Mailing List Archive

weird BGP cisco-ism?
I have a Cisco 7505 which is advertising about 50 routes to about 40
peers at mae-west, and a few others. One set of customers has been complaining
that their connectivity is going away right at that router, and then coming
back. Narrowed the set of customers down to a single CIDR block, at
204.147.224.0/20.

So, some of our peers are claiming that the route is flapping... that's
weird, we have them all nailed up to static routes... especially the CIDR
blocks. So I wrote a tool which you can peer a router with, and it watches
the BGP traffic and prints anything it gets, formatted, to standard out.

My Cisco is sending fresh advertisements every 10-30 minutes for that route,
and not for any other of the routes it has, and it appeared to be all the same,
but on careful examination, it appears that each advertisement reflects a
change in the MULTI_EXIT_DISC from 0x00000000 to 0x00000014 and then back
again in the next advertisement.

What the heck am I seeing here? Is someone's flap damping code seeing the
repeated advertisements and suppressing me? Is my Cisco going crazy?

-matthew kaufman
matthew@scruz.net
Re: weird BGP cisco-ism? [ In reply to ]
Original message <199707110721.HAA01250@ice.genuity.net>
From: Danny McPherson <danny@genuity.net>
Date: Jul 11, 0:21
Subject: Re: weird BGP cisco-ism?
>
>
> if the primary route becomes unavailable and routing falls over to the "nailed
> up" route, a bgp update is still sent. (if dampening is enabled) this update
> is recorded by ebgp peers as a "flap". i'd guess from your message below that
> when this occurs your router(s) are also changing the med attached to the
> prefix, which seems normal to me...

WHAT?!?
This is ridiculous. There *must* be a way to have routes truly "nailed up"
such that flaps do not occur. I have static routes in there precisely
because I want to be friendly and reduce the number of routing announcements
which occur when interfaces transition (I have dozens and dozens of
people with class C networks attached via unreliable dialup lines)

> i'd suggest you have a look at the stability of the interface to which the
> primary route is attached (?carrier transitions, interface resets, etc...?).
> you might also consider breaking the primary route (/20) into 2 /21 blocks
> internally and allowing the longer "nailed up" route to be the permanent
> source of the /20 advertisement. for example:

However, in this case, I don't have *anything* as the "primary route".
In fact, the very first /24 of the route is currently unused and goes
nowhere... and the rest of the block goes as /24's, /29's and the like to
various people who connect and disconnect all the time... just like I have
on several other CIDR blocks I've got.

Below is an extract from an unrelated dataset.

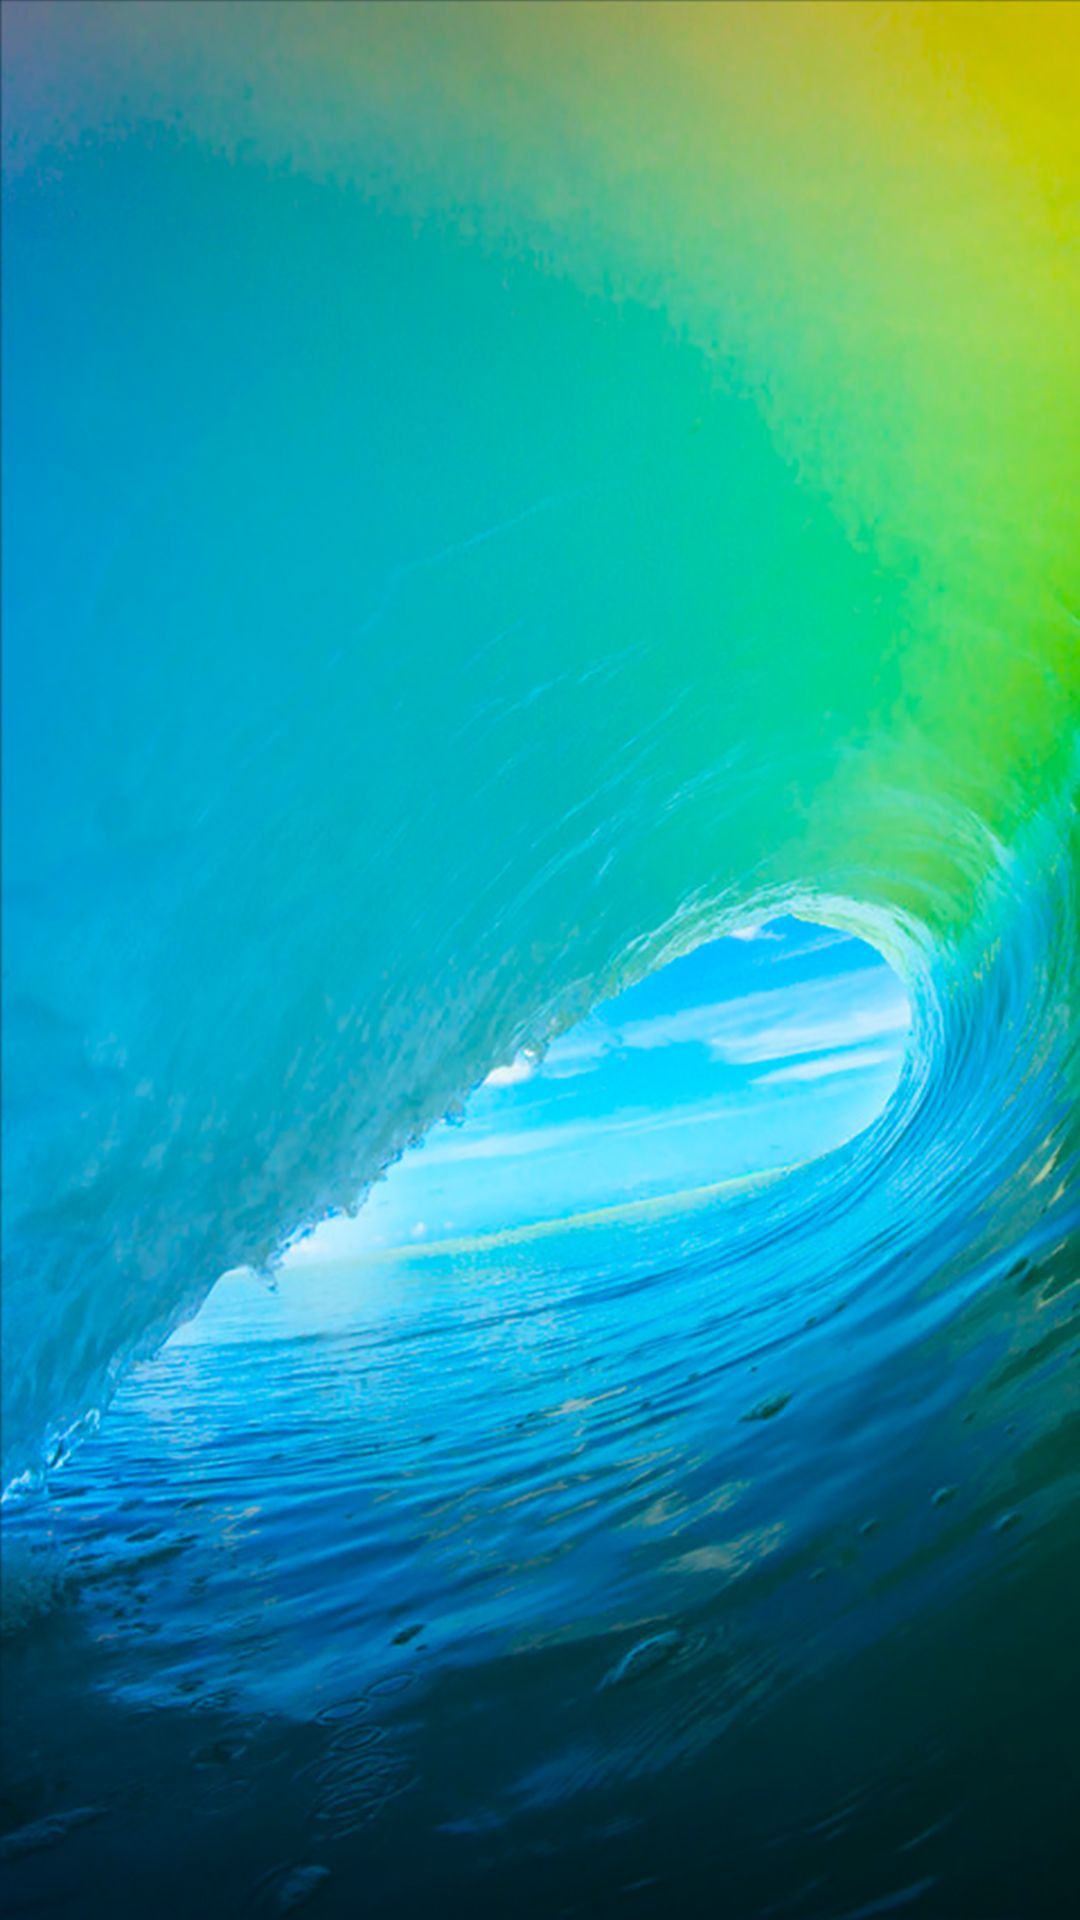 Pure Bright Cyan Ocean Surging Wave Pattern iOS9 Wallpaper #iPhone # wallpaper. Beautiful wallpaper hd, iPhone wallpaper for guys, iPhone 6s wallpaper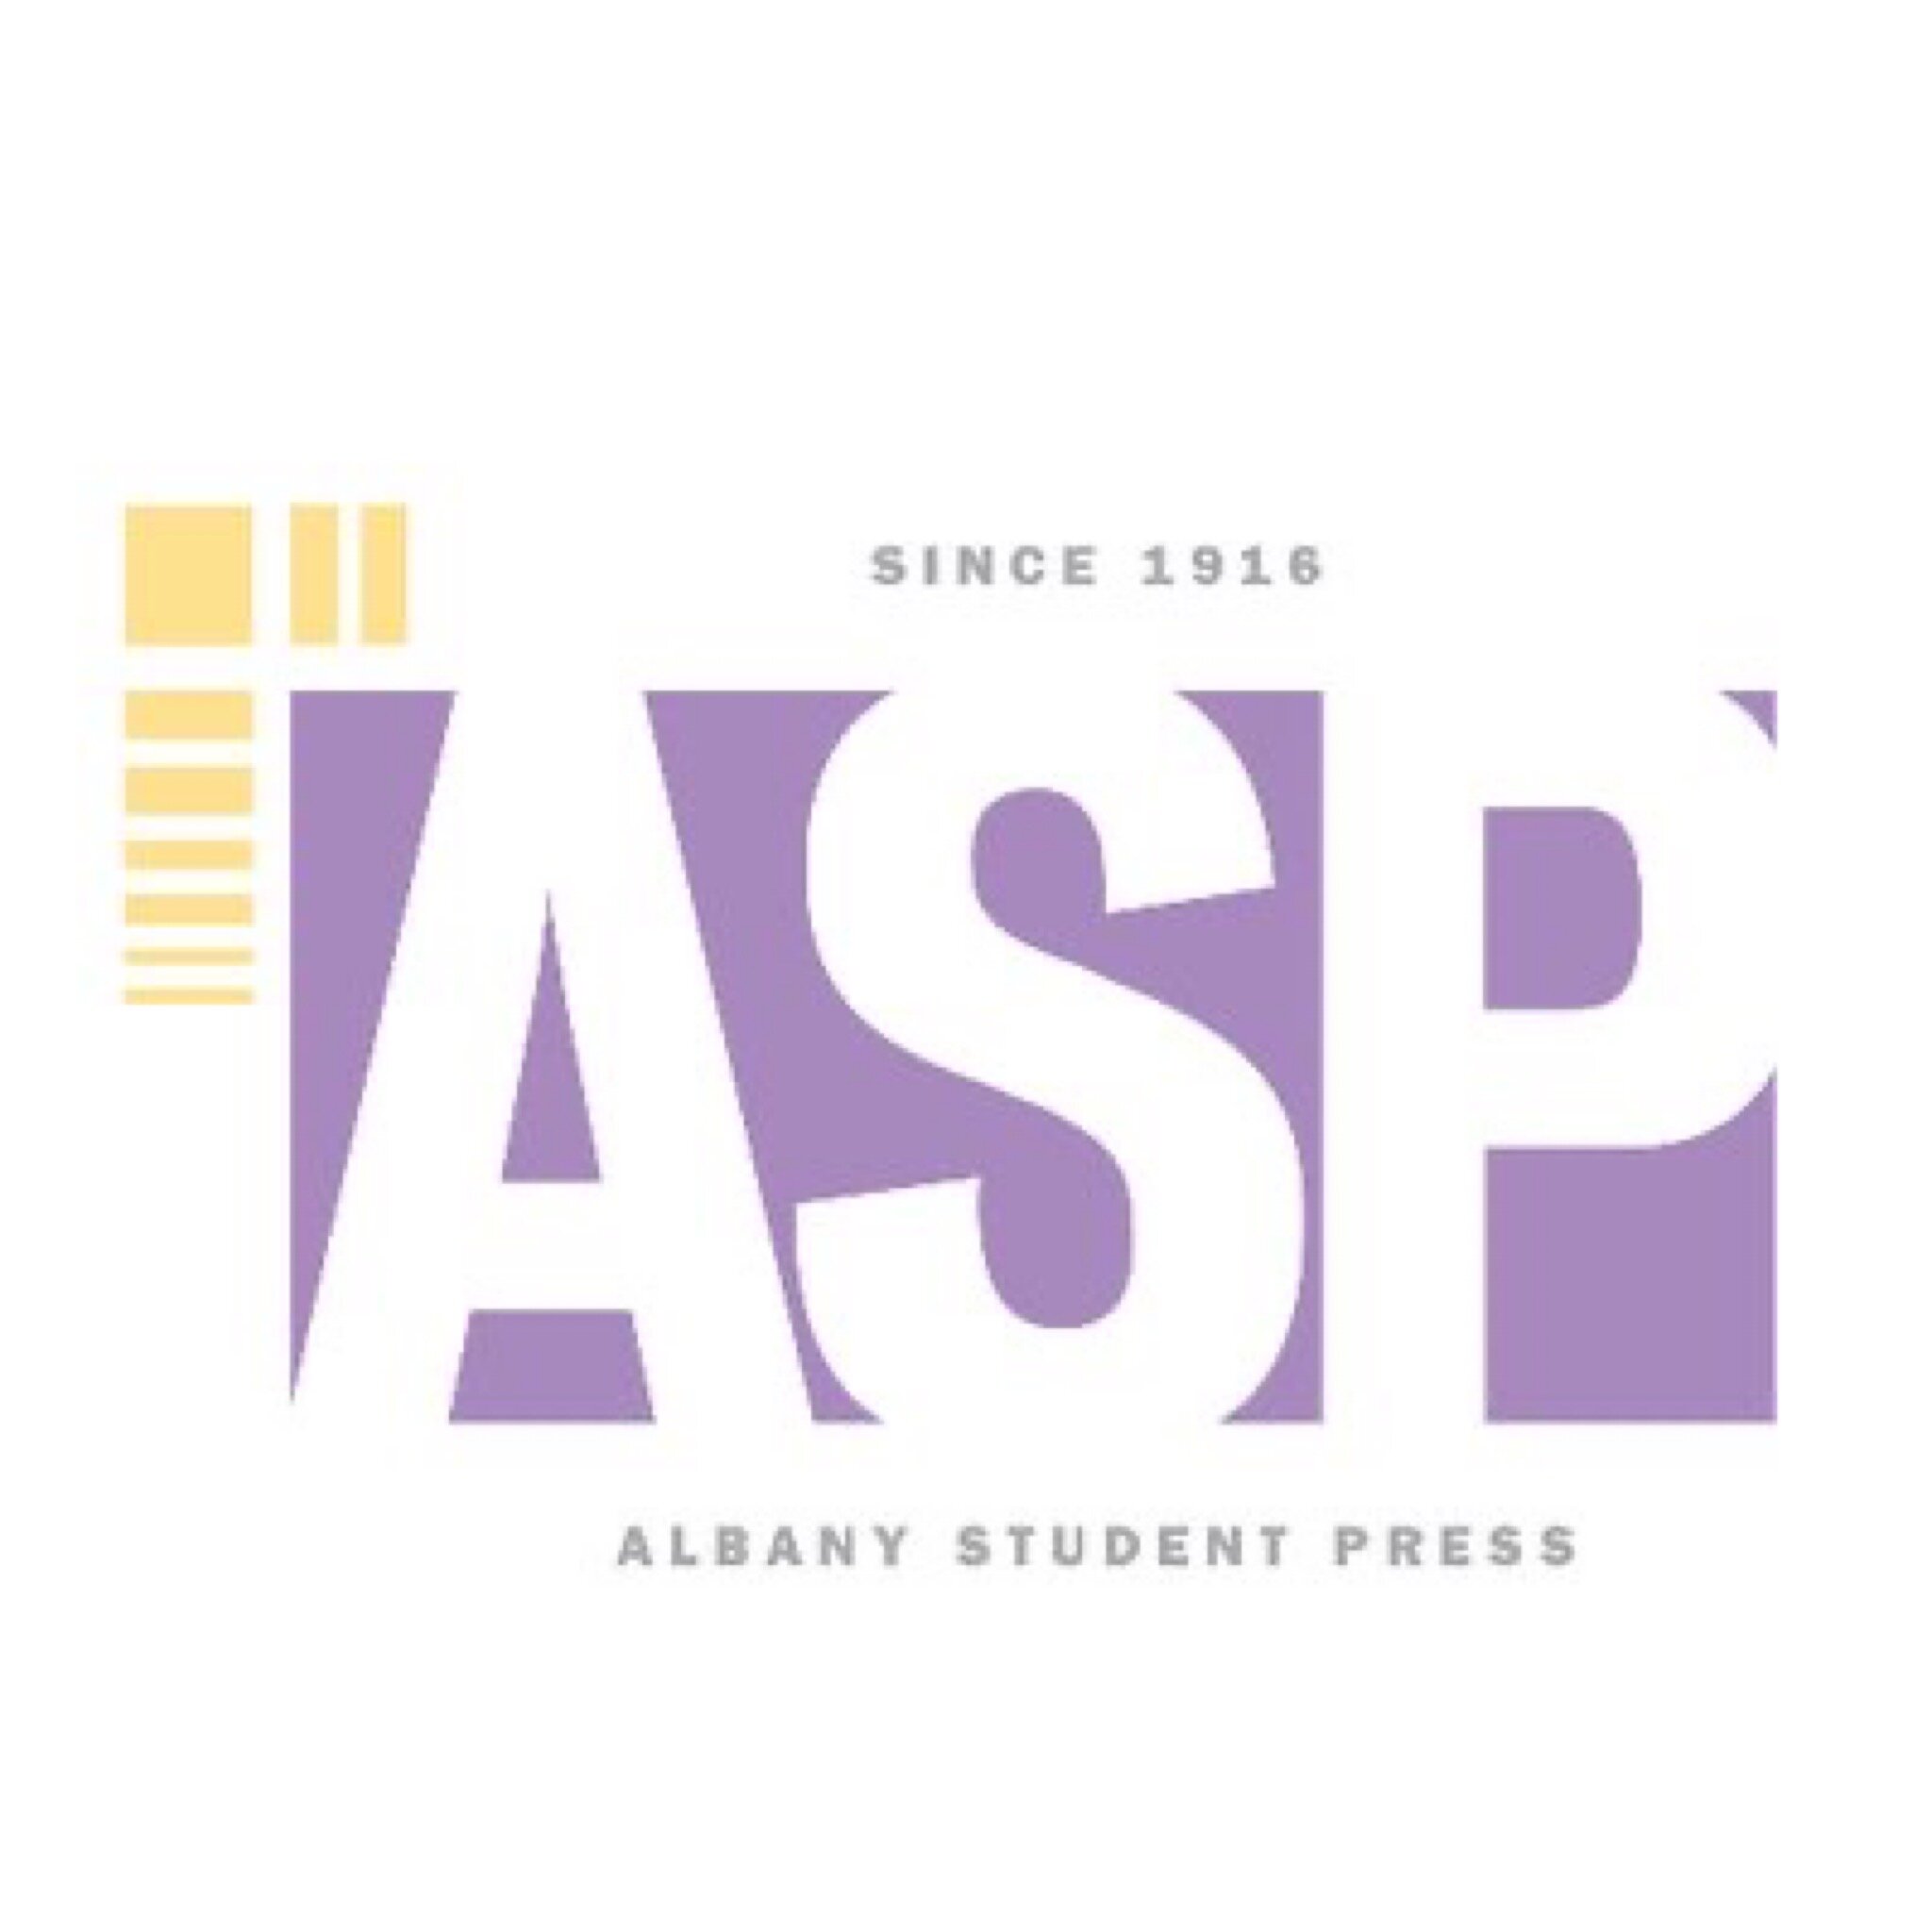 albany student press.JPG

But *this* one, and *only* this one,
insists on sending a readvertisement.

So, to readdress my first paragraph, apparently these static routes as
I have them configured do just the trick, since if they didn't, I'd see
lots of other things flapping on my BGP monitor software I just wrote,
but instead I only see this one. Sounds like a real bug of some sort.

-matthew
Re: weird BGP cisco-ism? [ In reply to ]
> add a default-metric under router bgp.. I think the source of the
> route in the routing table is changing for some reason and the box is
> conveying the metric as MED...
>
> --ravi

Did that. It went from advertising it with an MED of 0 to an MED of 20 and
back, to just readvertising it over and over with the fixed default MED
I'd set (1).

The sad thing is that until flap damping code was added, this sort of
bug was masked... but now I have a few dozen customers totally offline.

-matthew
Re: weird BGP cisco-ism? [ In reply to ]
if the primary route becomes unavailable and routing falls over to the "nailed
up" route, a bgp update is still sent. (if dampening is enabled) this update
is recorded by ebgp peers as a "flap". i'd guess from your message below that
when this occurs your router(s) are also changing the med attached to the
prefix, which seems normal to me...

i'd suggest you have a look at the stability of the interface to which the
primary route is attached (?carrier transitions, interface resets, etc...?).
you might also consider breaking the primary route (/20) into 2 /21 blocks
internally and allowing the longer "nailed up" route to be the permanent
source of the /20 advertisement. for example:

rather than:

ip route 204.147.224.0 255.255.240.0 <interface> !"primary" route
ip route 204.147.224.0 255.255.240.0 null0 254 !"nailed up" route
!
router bgp <as>
network 204.147.224.0 mask 255.255.240

try this:

ip route 204.147.224.0 255.255.248.0 <interface> !"primary" route
ip route 204.147.232.0 255.255.248.0 <interface> !"primary" route
ip route 204.147.224.0 255.255.240.0 null0 <admin. distance> !"nailed up"
route
!
router bgp <as>
network 204.147.224.0 mask 255.255.240

although correcting the stability problem is the correct solution.

-danny


>
> I have a Cisco 7505 which is advertising about 50 routes to about 40
> peers at mae-west, and a few others. One set of customers has been complaining
> that their connectivity is going away right at that router, and then coming
> back. Narrowed the set of customers down to a single CIDR block, at
> 204.147.224.0/20.
>
> So, some of our peers are claiming that the route is flapping... that's
> weird, we have them all nailed up to static routes... especially the CIDR
> blocks. So I wrote a tool which you can peer a router with, and it watches
> the BGP traffic and prints anything it gets, formatted, to standard out.
>
> My Cisco is sending fresh advertisements every 10-30 minutes for that route,
> and not for any other of the routes it has, and it appeared to be all the same,
> but on careful examination, it appears that each advertisement reflects a
> change in the MULTI_EXIT_DISC from 0x00000000 to 0x00000014 and then back
> again in the next advertisement.
>
> What the heck am I seeing here? Is someone's flap damping code seeing the
> repeated advertisements and suppressing me? Is my Cisco going crazy?
>
> -matthew kaufman
> matthew@scruz.net
Re: weird BGP cisco-ism? [ In reply to ]
In cisco.external.nanog you write:


>I have a Cisco 7505 which is advertising about 50 routes to about 40
>peers at mae-west, and a few others. One set of customers has been complaining
>that their connectivity is going away right at that router, and then coming
>back. Narrowed the set of customers down to a single CIDR block, at
>204.147.224.0/20.

>So, some of our peers are claiming that the route is flapping... that's
>weird, we have them all nailed up to static routes... especially the CIDR
>blocks. So I wrote a tool which you can peer a router with, and it watches
>the BGP traffic and prints anything it gets, formatted, to standard out.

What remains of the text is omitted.